-- PROVIDED DATA follows --

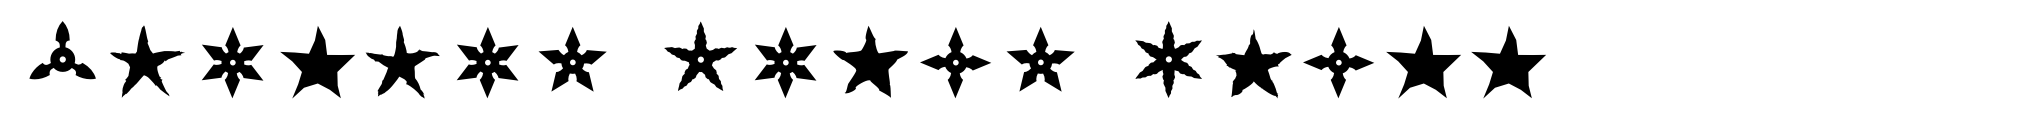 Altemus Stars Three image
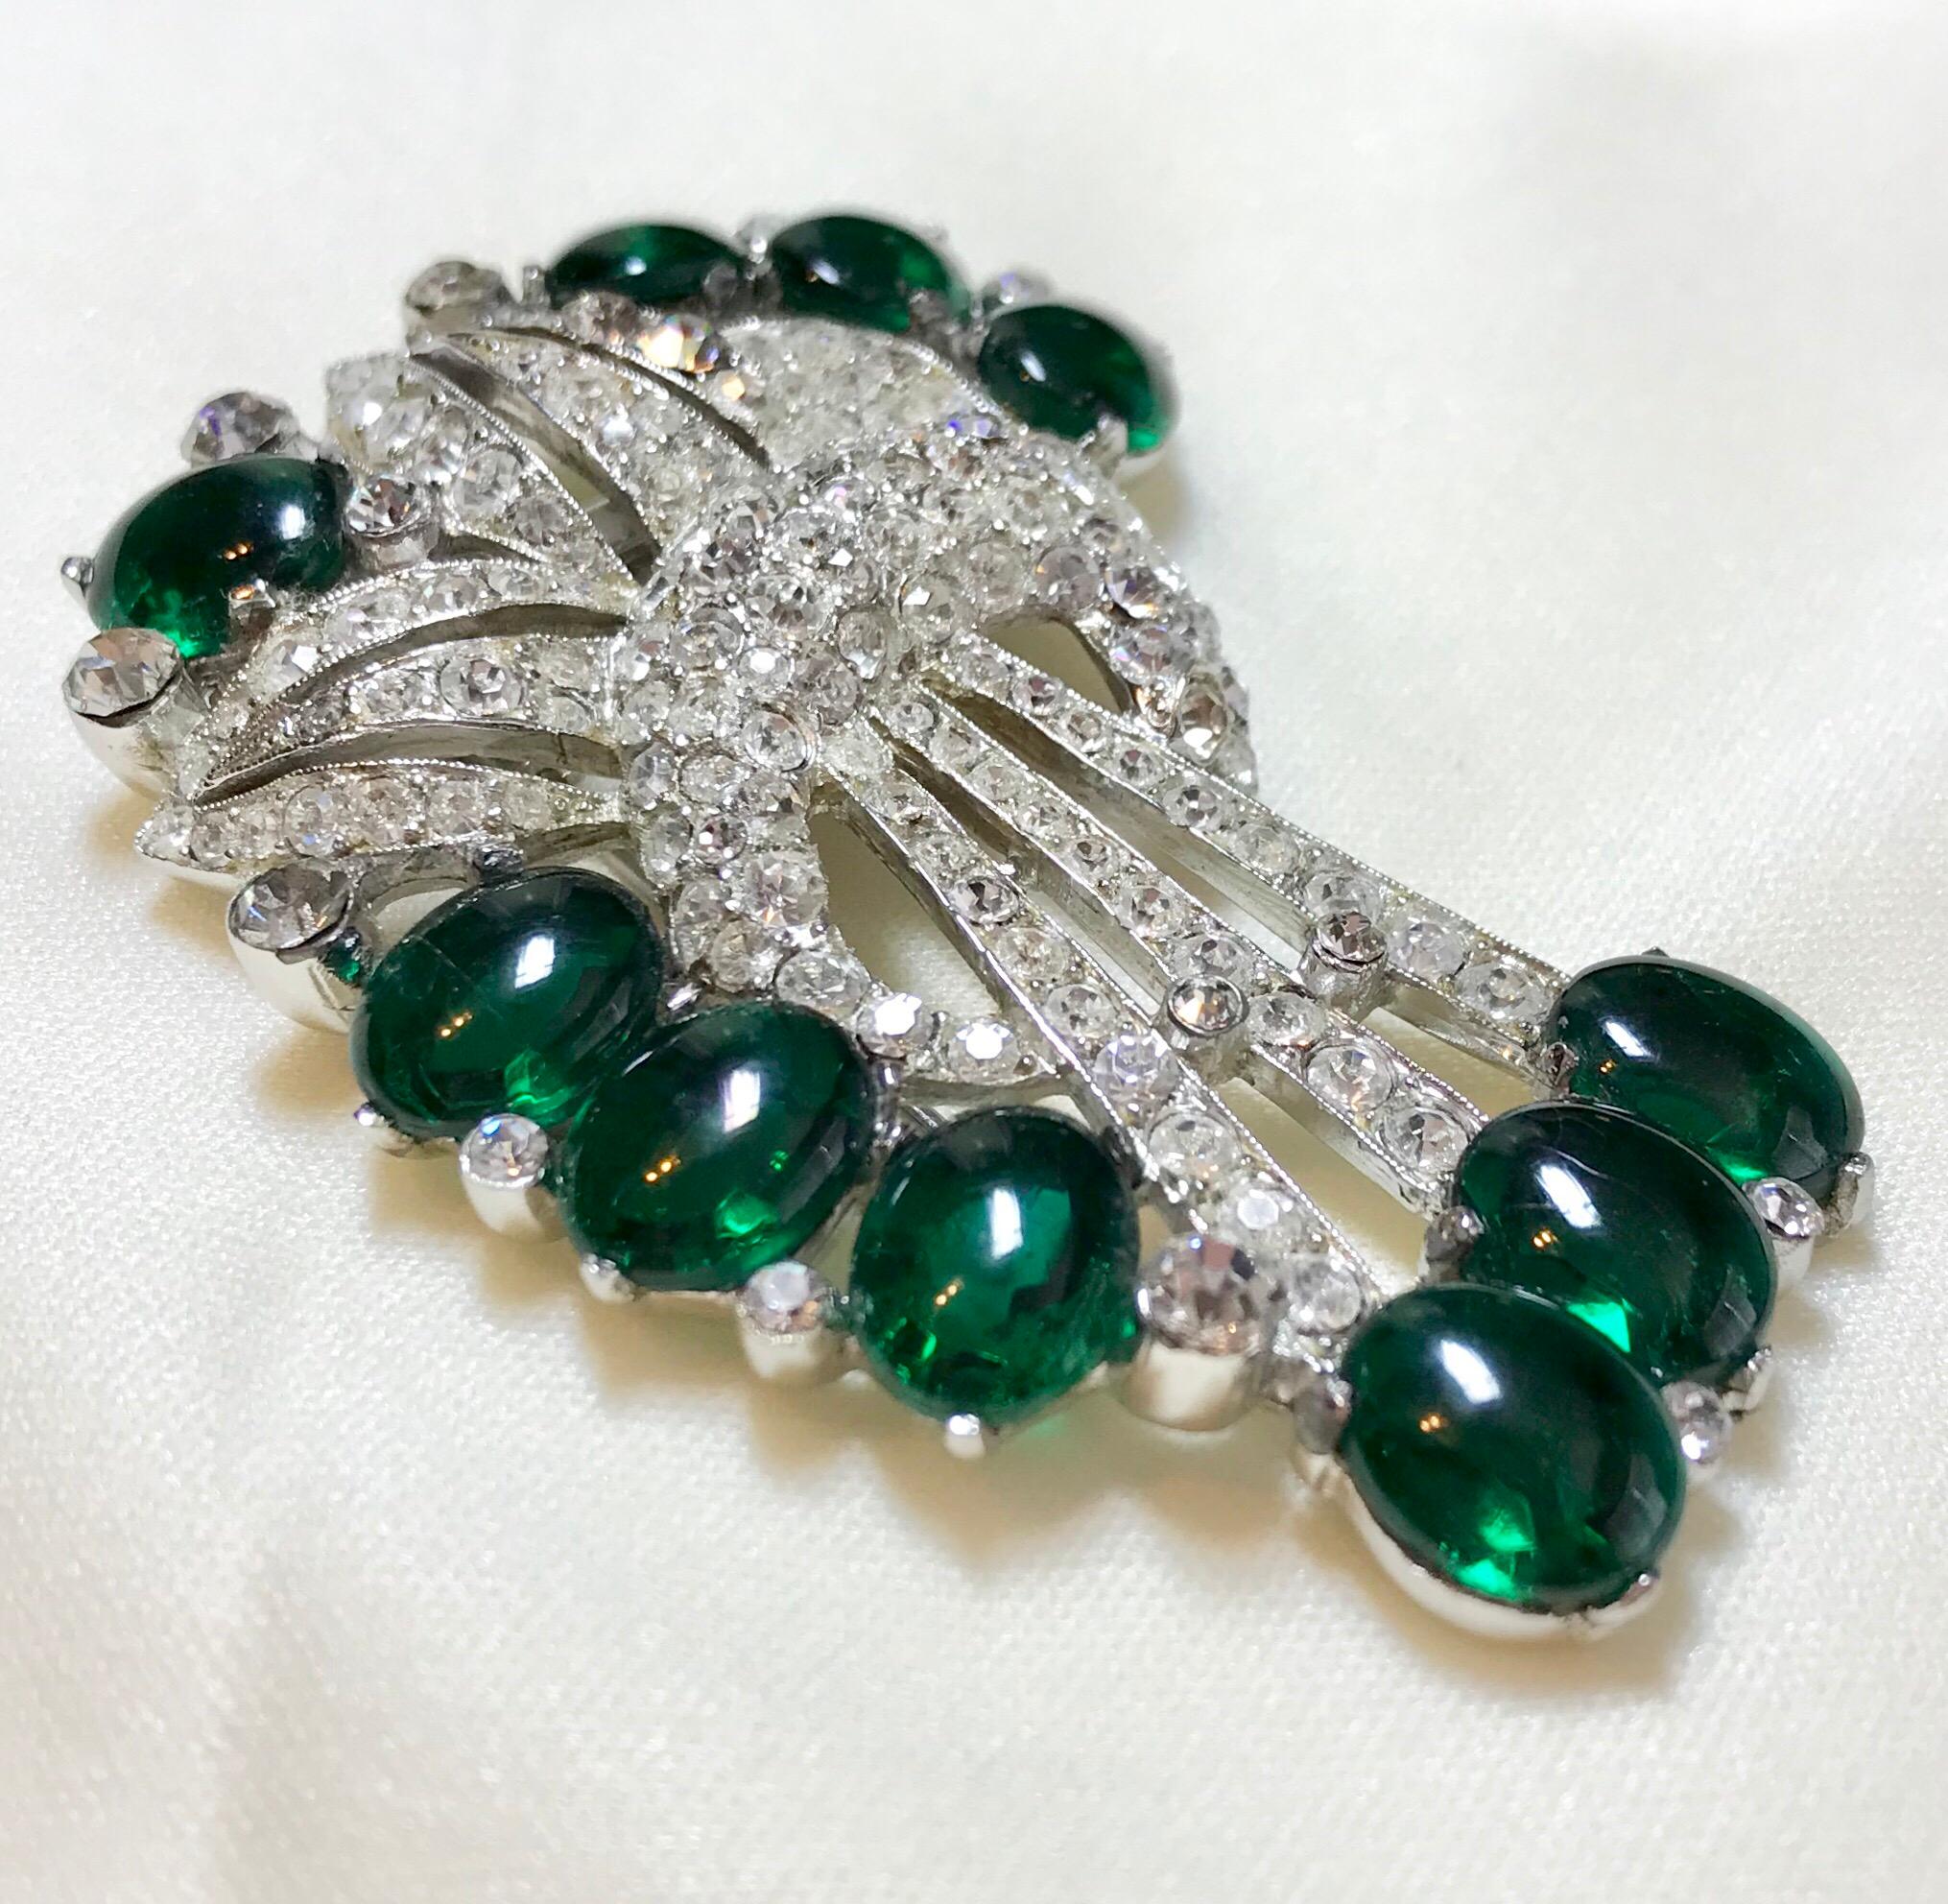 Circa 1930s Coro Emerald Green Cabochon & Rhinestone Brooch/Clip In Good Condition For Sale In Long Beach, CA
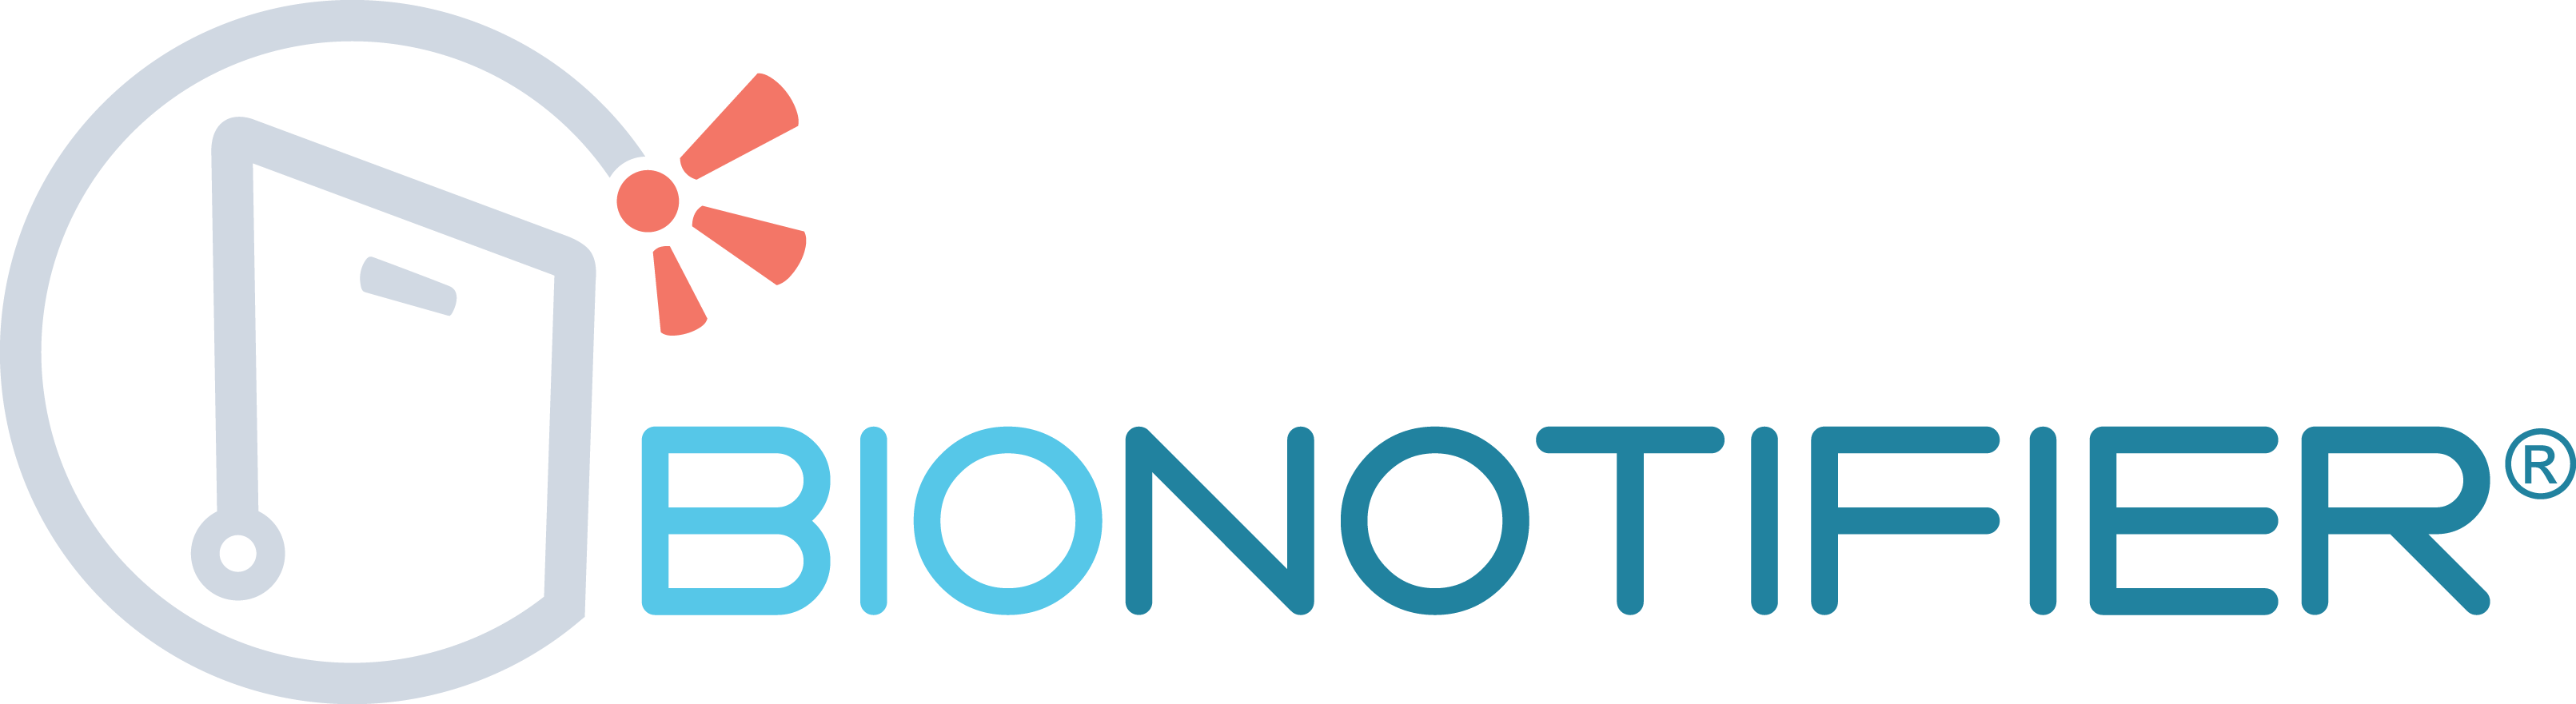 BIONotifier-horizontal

-- PROVIDED DATA concluded --

YOUR GOAL: The copy should hold, exactly, the lines from the one containing "Circa 1930s Coro" to the final line of the listing above, with both ends present and no pictures.

RESULT BELOW:
 Circa 1930s Coro Emerald Green Cabochon & Rhinestone Brooch/Clip In Good Condition For Sale In Long Beach, CA
 BIONotifier-horizontal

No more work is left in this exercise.